Modernidade foi acabar com a iniciação profissional em todas as áreas. Hoje não existe mais aprendizado profissional porque foi extinto o auxiliar. o aprendiz, o junior. Extinguiu-se via tecnologia o início de carreira e os cargos de supervisão e gerência intermediários através da fusão avassaladora de empresas. Na verdade o jovem de hoje não conhecerá o processo empresarial, nem visualizará uma escada de carreira. Alguns diretores de banco atuais, começaram com office-boy e foram subindo na instituição, essa possibilidade desapareceu, na indústria, no comércio e principalmente nos serviços, os cargos ficaram estanques e a maior parte das oportunidades são reservadas a parentes e amigos.

Paciente

Eu não falo muito isso porque tenho medo de tomar um tiro, mas…

Ser democrata é, por motivos lógicos (contradição de termos básica), incompatível com ser a favor da propriedade privada.

Duvida? E se a maioria das pessoas da sociedade decidir, democraticamente, acabar com a propriedade privada?

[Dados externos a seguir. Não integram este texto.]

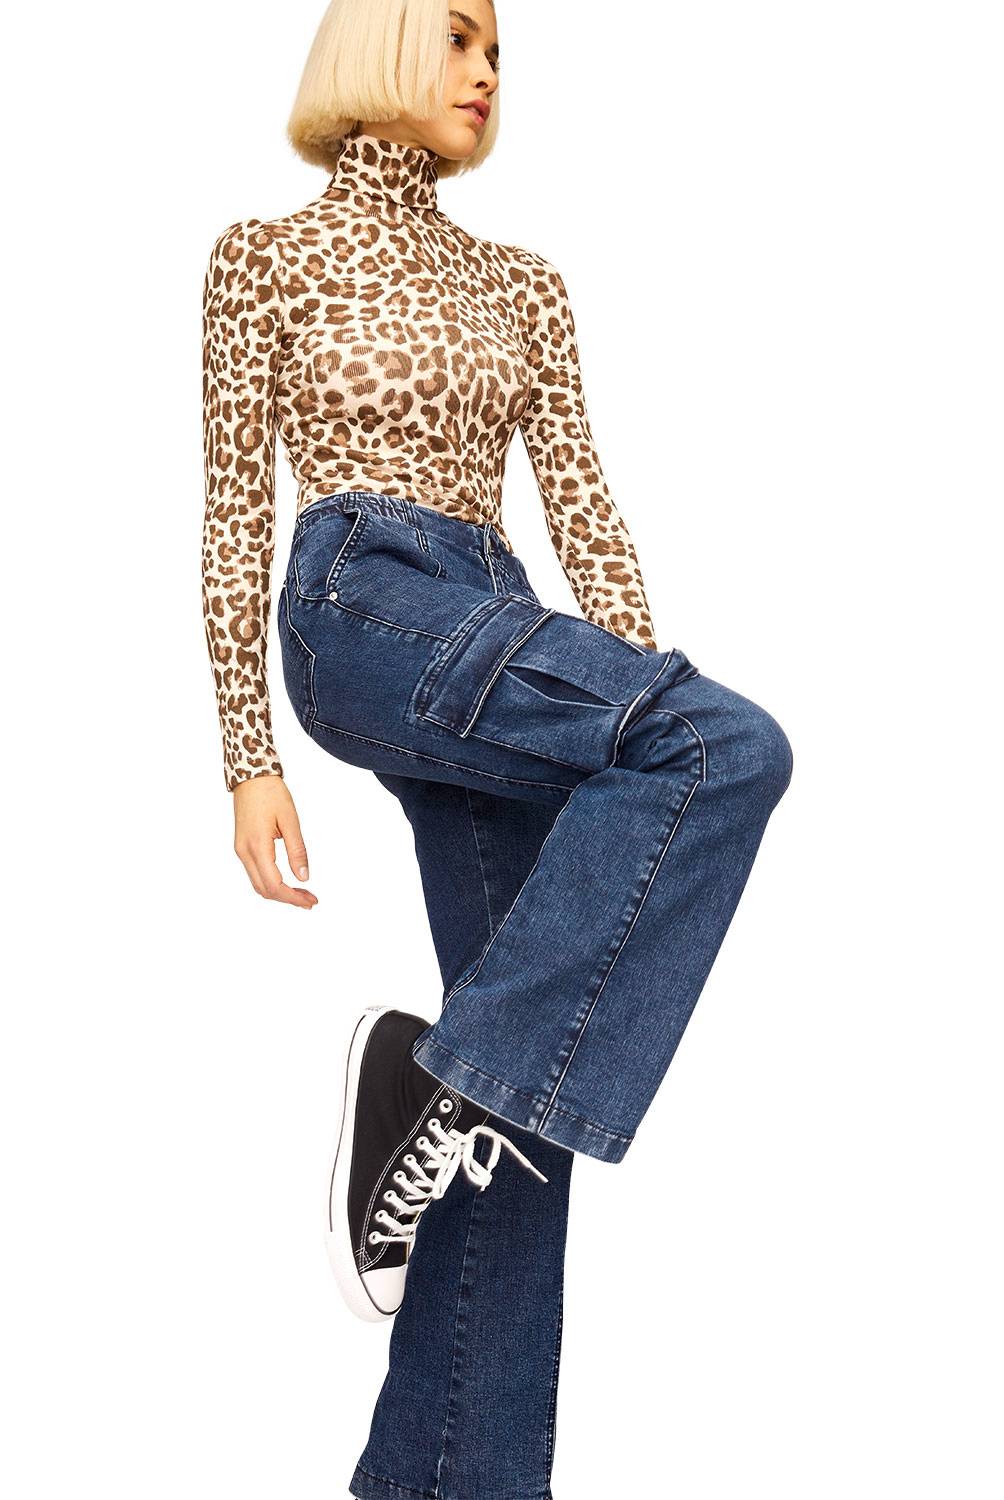 AMERICANINO - Americanino Jeans Cargo Tiro Medio Mujer

Ora, vivemos esse “risco” diuturnamente. O orçamento militar e de segurança dos estados capitalistas explicam o resto…

Jaime

Grandes verdades em pequenas frases. Há um livro do Eduardo Gianetti, que se chama Vícios Privados, Benefícios Públicos, mais ou menos na mesma linha, mas este texto é muito mais objetivo – sem meias palavras.
Além disso, penso que mesmo o capitalismo da teoria da concorrência já não existe há muito tempo; o que temos é um socialismo empresarial, difícil de perceber atrás do biombo da mídia.
Finalmente, tenho sempre em mente o seguinte: o motor do capitalismo, o egoísmo cujas somas individuais provocariam benefícios coletivos, não passa de um vício (avareza – um dos sete pecados capitais), enquanto a solidariedade, motor do socialismo, é uma virtude. Virtudes são difíceis de praticar, ao passo que vícios são espontâneos, é fácil justificá-los com racionalizações.

Cláudio

Acho que os psicopata$$ que trabalham para Wall $$treet são em maior número: 11%, 23%, 25% ou 45%…

Fabio Passos

Quem são os tiranetes corporativos que governam o mundo?

“psicopatas clínicos”, exibindo (…) uma “capacidade sem paralelo para mentir, fabricar e manipular”.

É preciso dar cabo deste regime que está destruindo o planeta e a humanidade.
Esta “democracia ocidental” é uma completa farsa.